Malaria, of course, is familiar to people in North America and Europe. This familiarity is not only because of its reputation for killing millions of people worldwide, but also because some Western tourists to Africa, distressed by the preventive medication’s side-effects, such as nausea, abdominal pain, and psychiatric symptoms, or unaware of the great dangers of stopping medication, unwisely discontinue their antimalarial tablets and develop the disease weeks after their return home. A few die of its complications. Malaria is also an occupational hazard for soldiers who are deployed in the tropics. A stunning example of this hazard was reported in the Washington Post on Sept 10, 2003. Two hundred American marines who returned from service in Liberia in West Africa developed malaria, and 43 of them were ill enough to be hospitalized. Although none of the soldiers died, two of them developed cerebral malaria, the most dangerous form of the disease and one that has a 20 percent mortality rate. Why so many soldiers developed the disease despite taking appropriate preventive antimalarial tablets is not known for certain, but it seems likely that their blood levels of these preventive drugs were not adequate. A constant threat to travelers to Africa is that malaria parasites will develop resistance to these drugs, but no convincing evidence of resistance is apparent in the case of the soldiers.

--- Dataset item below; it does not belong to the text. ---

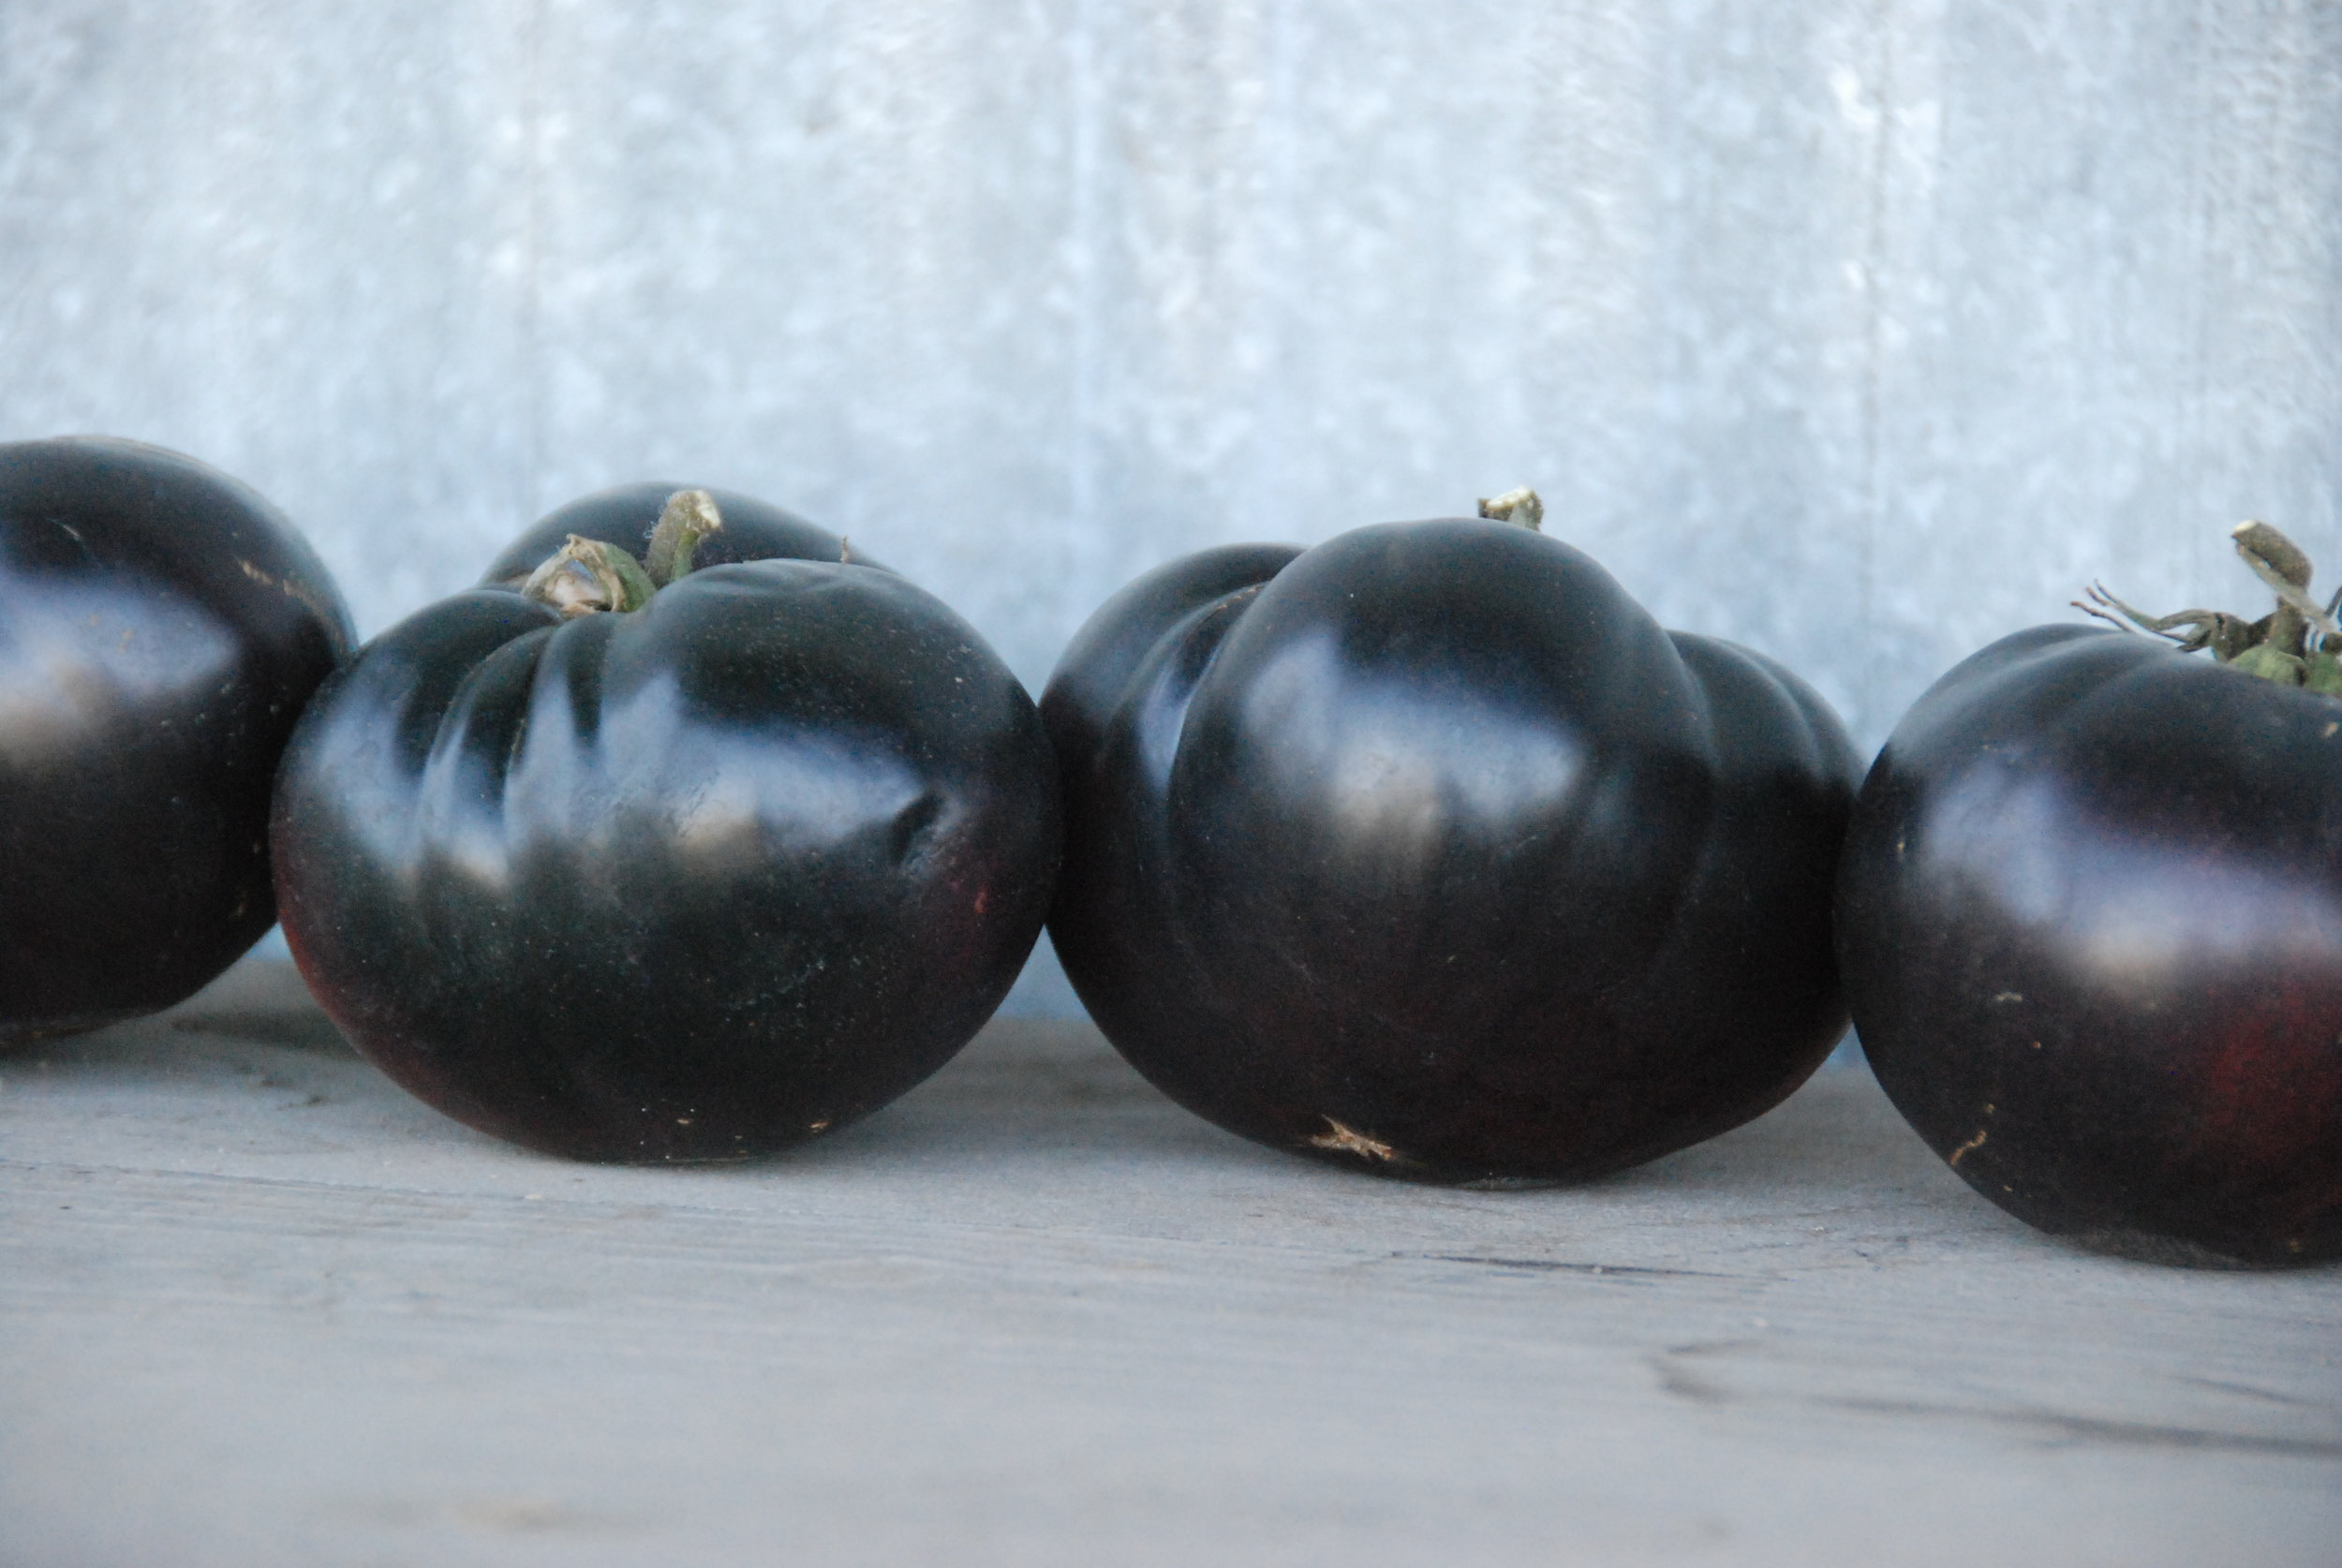 Black Beauty Tomatoes

Sleeping sickness is more exotic to us than malaria, but that perception could change. Global business and increasing tourism in Africa, together with easier and more accessible air travel, carry a real risk of Western travelers returning home with sleeping sickness. Several cases of Europeans developing this disease have appeared in the medical literature. Travelers from the United States and other Western countries, as well as from Asia, are also vulnerable because their increasing numbers and time in Africa raise the odds of contact with the tsetse ﬂy. Western health care systems are ill prepared for this eventuality, despite warning shots across our bow. In 2000, for example, the medical press gave considerable publicity to the story of a traveler with sleeping sickness, recently back in London from Africa, for whom no treatment could be found at ﬁrst. Luckily, medical authorities did eventually obtain and administer the required drug, called suramin.

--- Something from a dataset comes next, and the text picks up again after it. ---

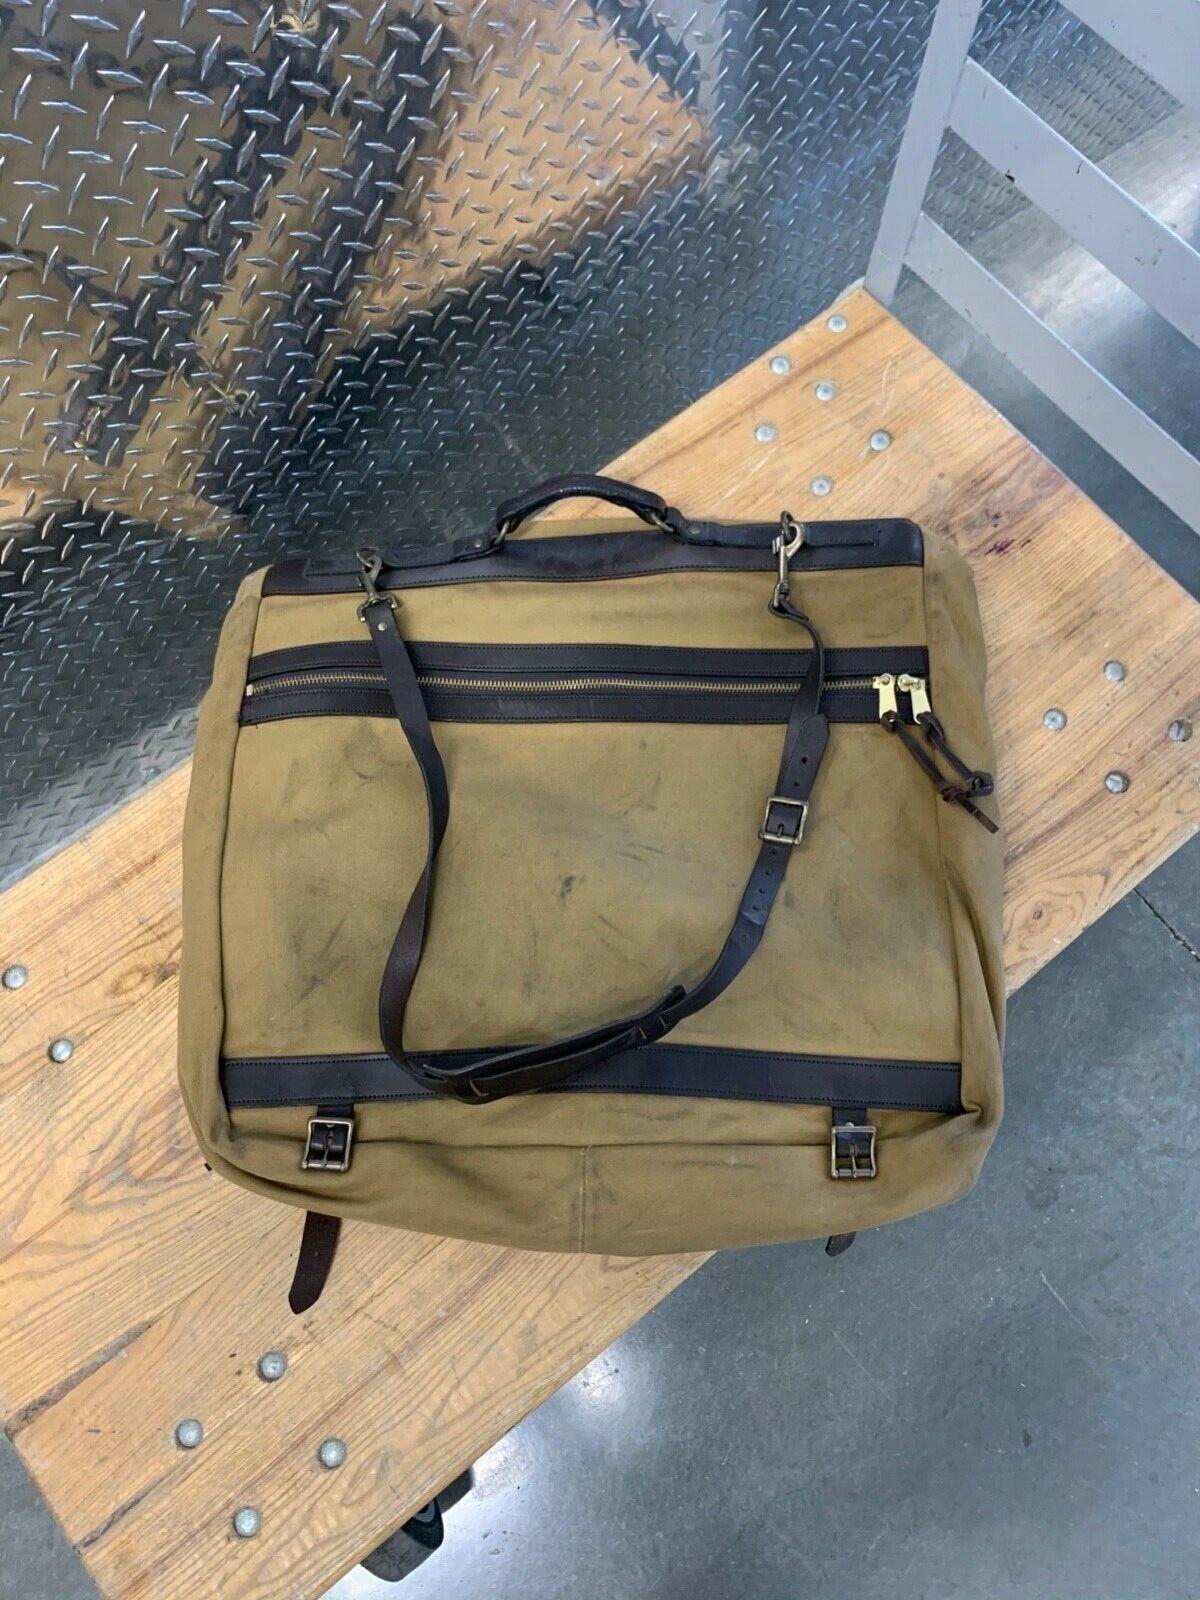 Filson 70270 44 x24 x5 Garment Bags - Tan - $200.00

Fortunately, there are signs that the situation could be changing. In that same year, the Bill and Melinda Gates Foundation awarded $15.1 million to an international research consortium with teams in America, Africa, and Europe to seek more effective drug therapies for African sleeping sickness (along with another killer disease in Africa called leishmaniasis). The National Institutes of Health in the United States also provides some funding for research into sleeping sickness, as does the Wellcome Trust research philanthropy in the United Kingdom.
One Man’s African Journey
Some people fall in love with Africa from storybooks, or movies, or a charismatic teacher. This wasn’t the case for me. Growing up in England, I developed a keen interest in biology ﬁeld work in the sixth form at school (equivalent to the last year of high school in the United States) and, because of the efforts of an enthusiastic biology teacher, became enamored of the study of animal habitats. Later, as a medical student at University College Hospital in London, I had only minimal exposure to infectious diseases—although I vividly recall narrowly failing to win a pathology prize examination through failure to recognize human African trypanosomes on a blood slide. It was only at the tail end of my student career that the door to Africa swung open. Medical students in their ﬁnal year at University College Hospital customarily took a two- to three-month elective devoted to experiencing medicine in another country, usually in Africa or North America. My best friend and I were eager to do our electives in Africa and fortunate to be accepted for a stint at a mine hospital in Zambia.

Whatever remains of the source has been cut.